Exercise brief: Skip the pictures and copy all the data that follows exactly.
**** Supplied information
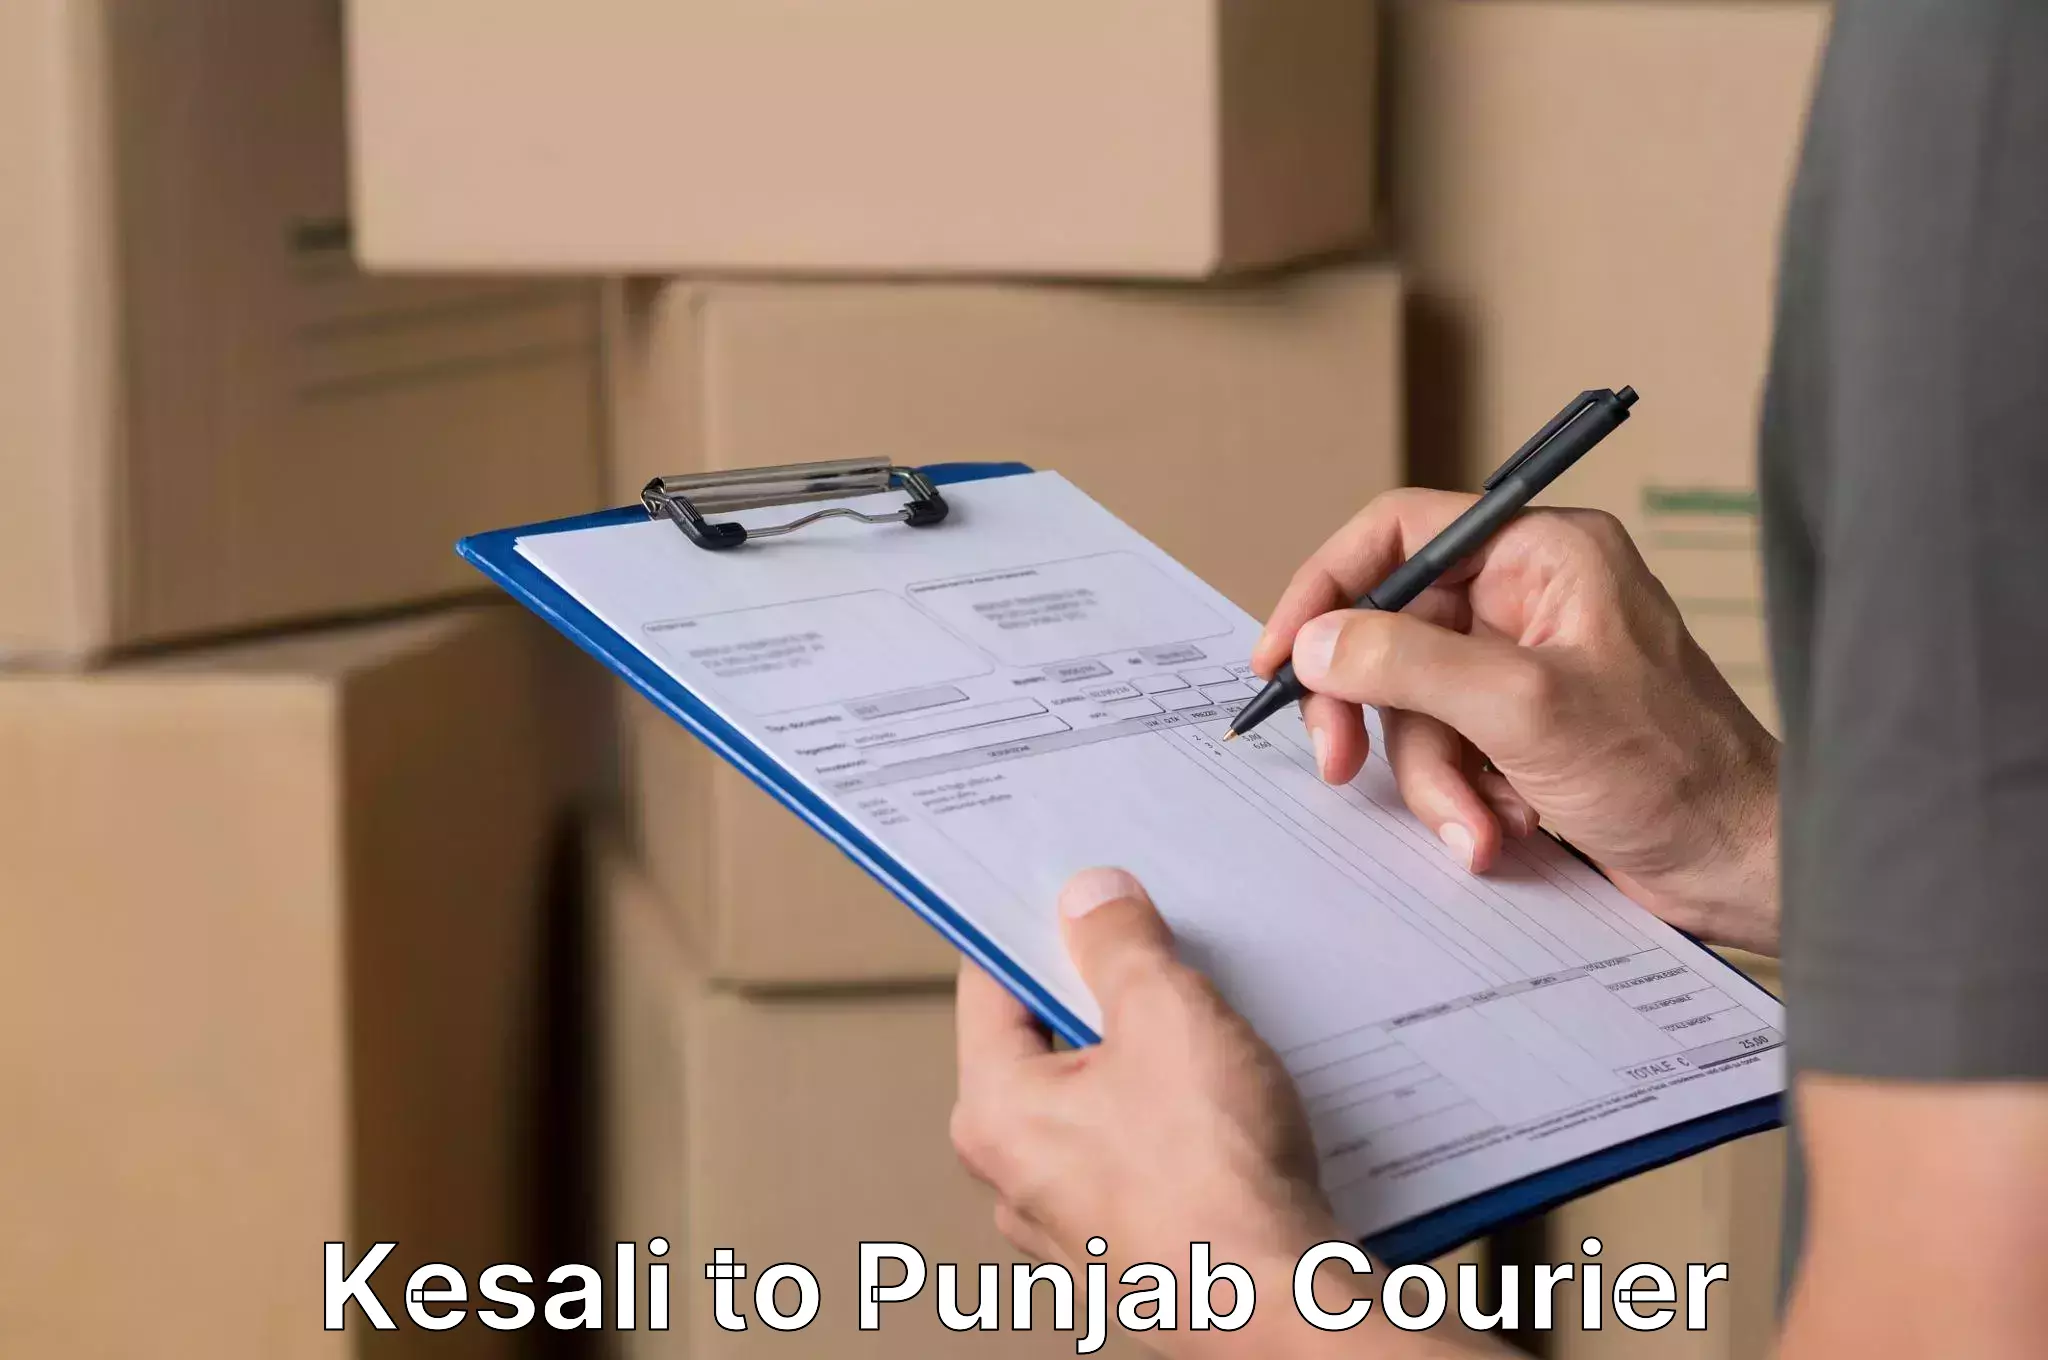 Residential furniture movers Kesali to Punjab
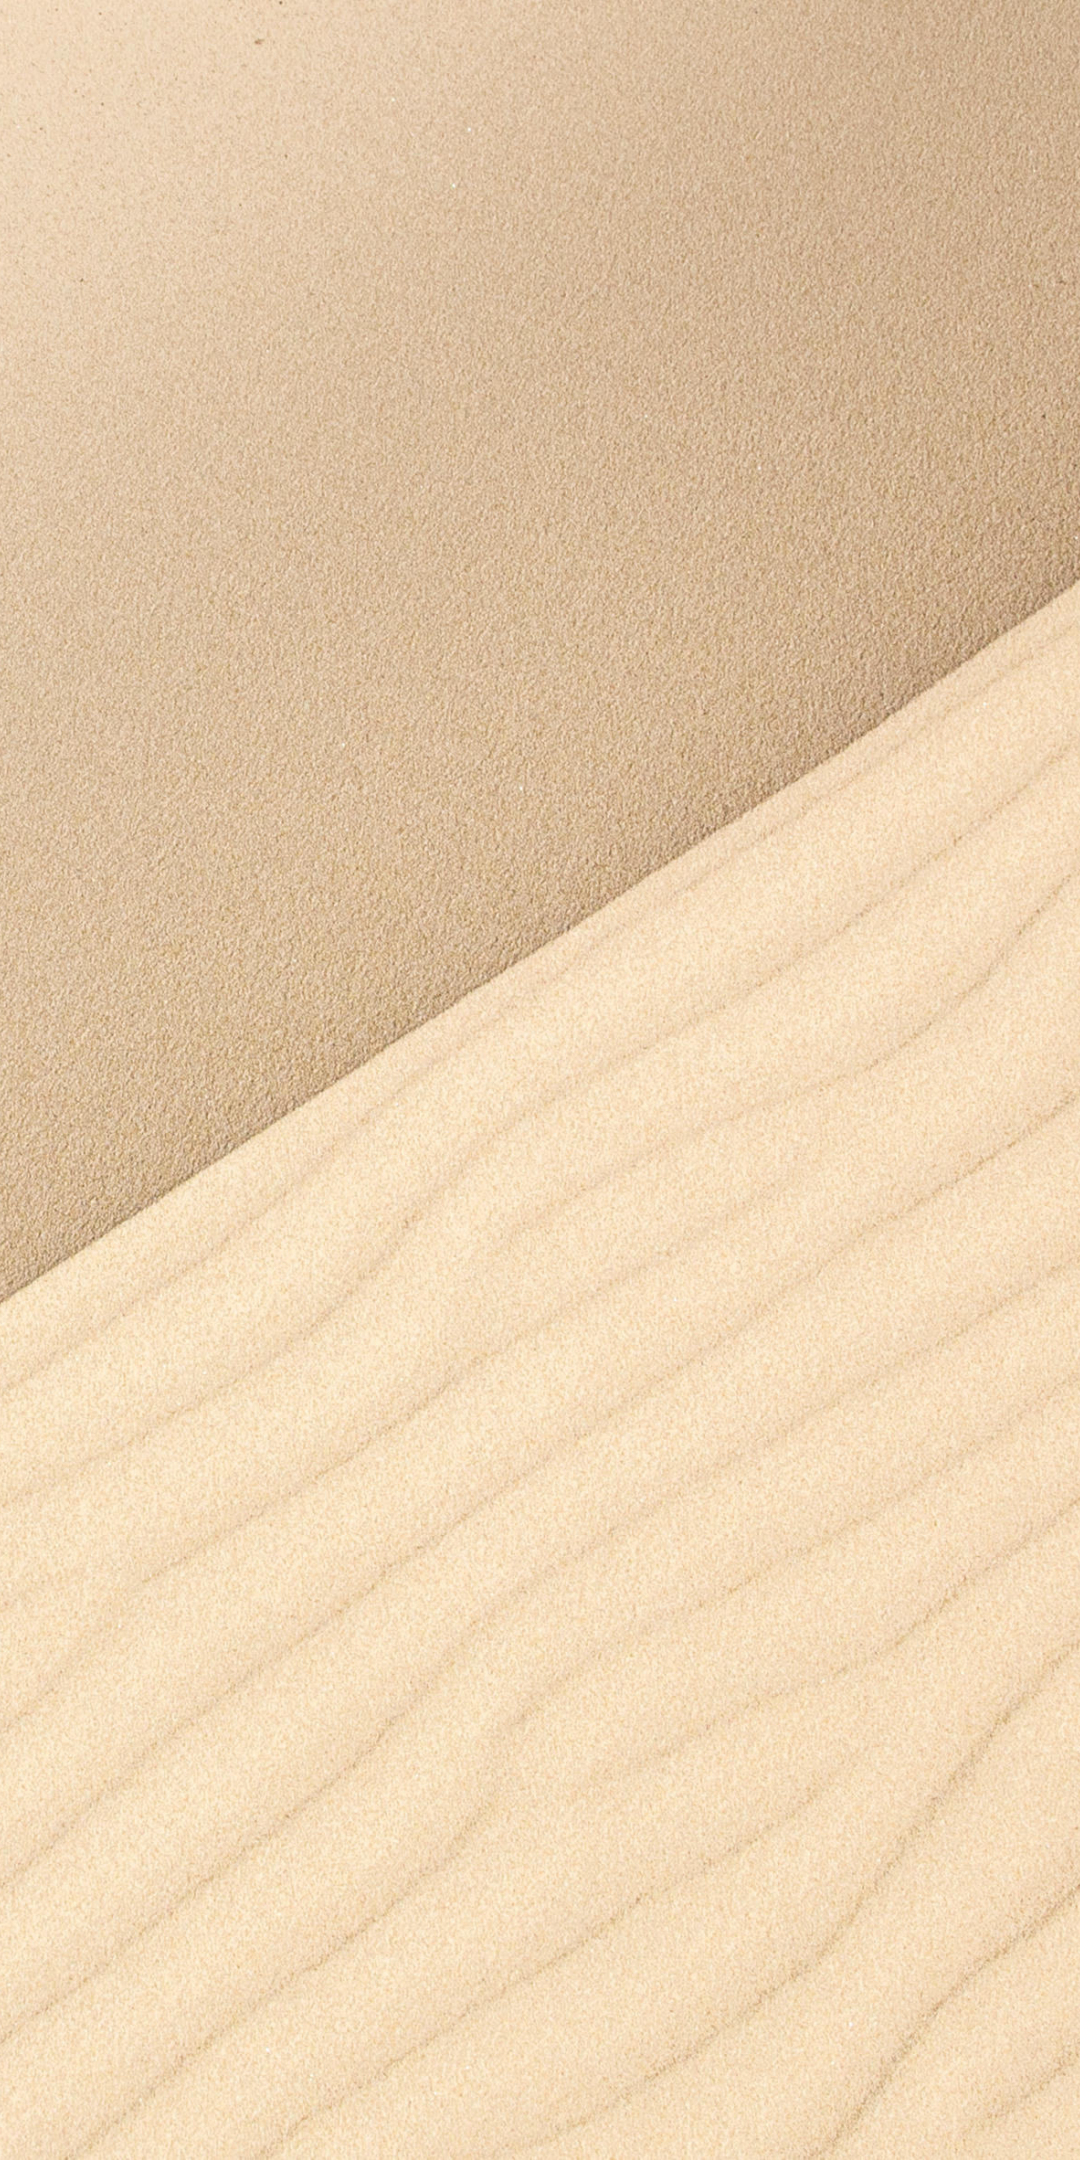 Sand, dunes, desert, 1080x2160 wallpaper
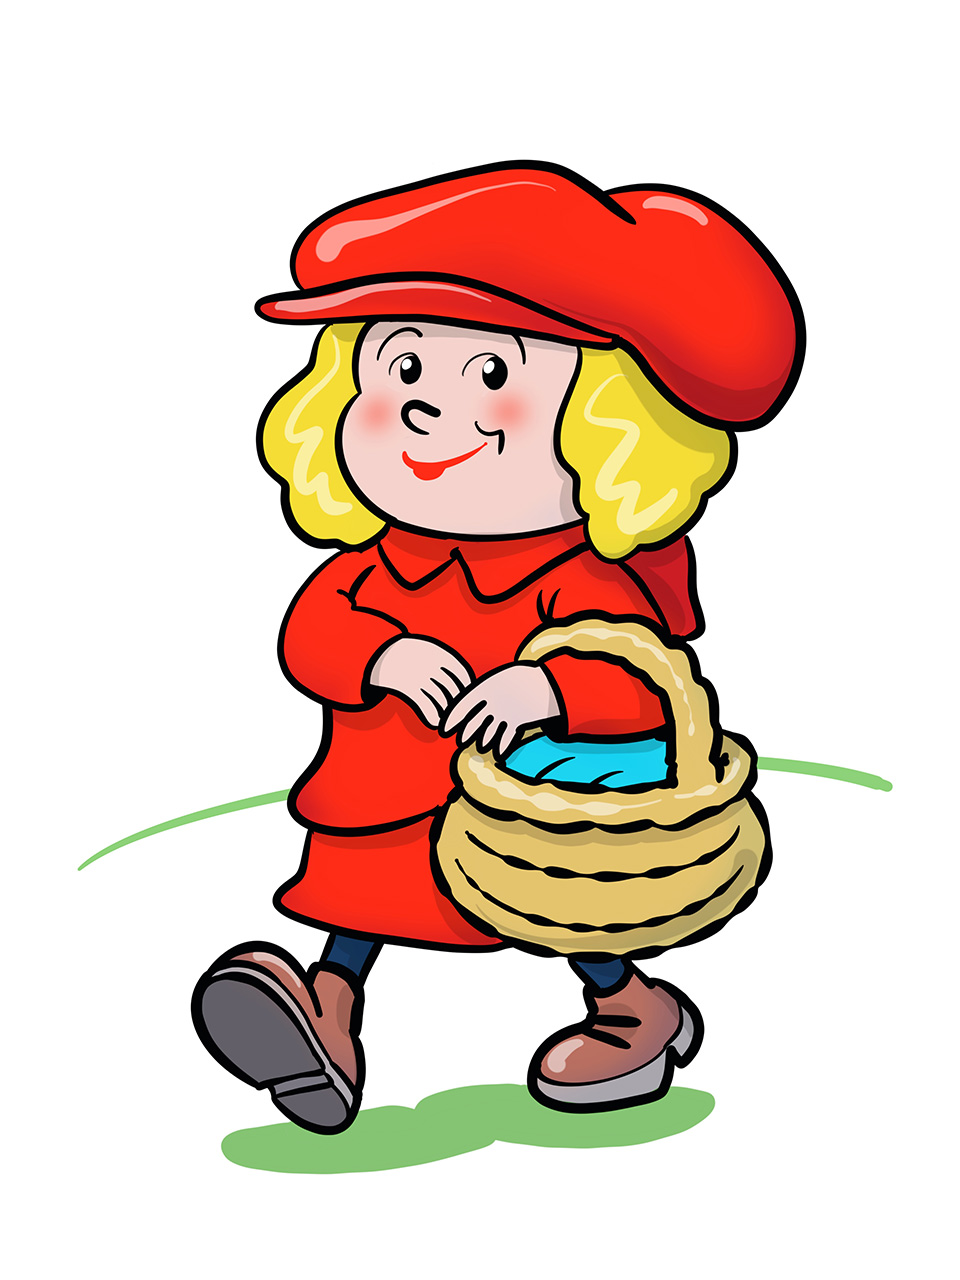 Crvenkapica odjevena u crveni kaputić i s crvenom kapom na glavi, Pod rukom nosi košaru s hranom.
********
Completed exercise:
 Residential furniture movers Kesali to Punjab
 Sand, dunes, desert, 1080x2160 wallpaper
 Crvenkapica odjevena u crveni kaputić i s crvenom kapom na glavi, Pod rukom nosi košaru s hranom.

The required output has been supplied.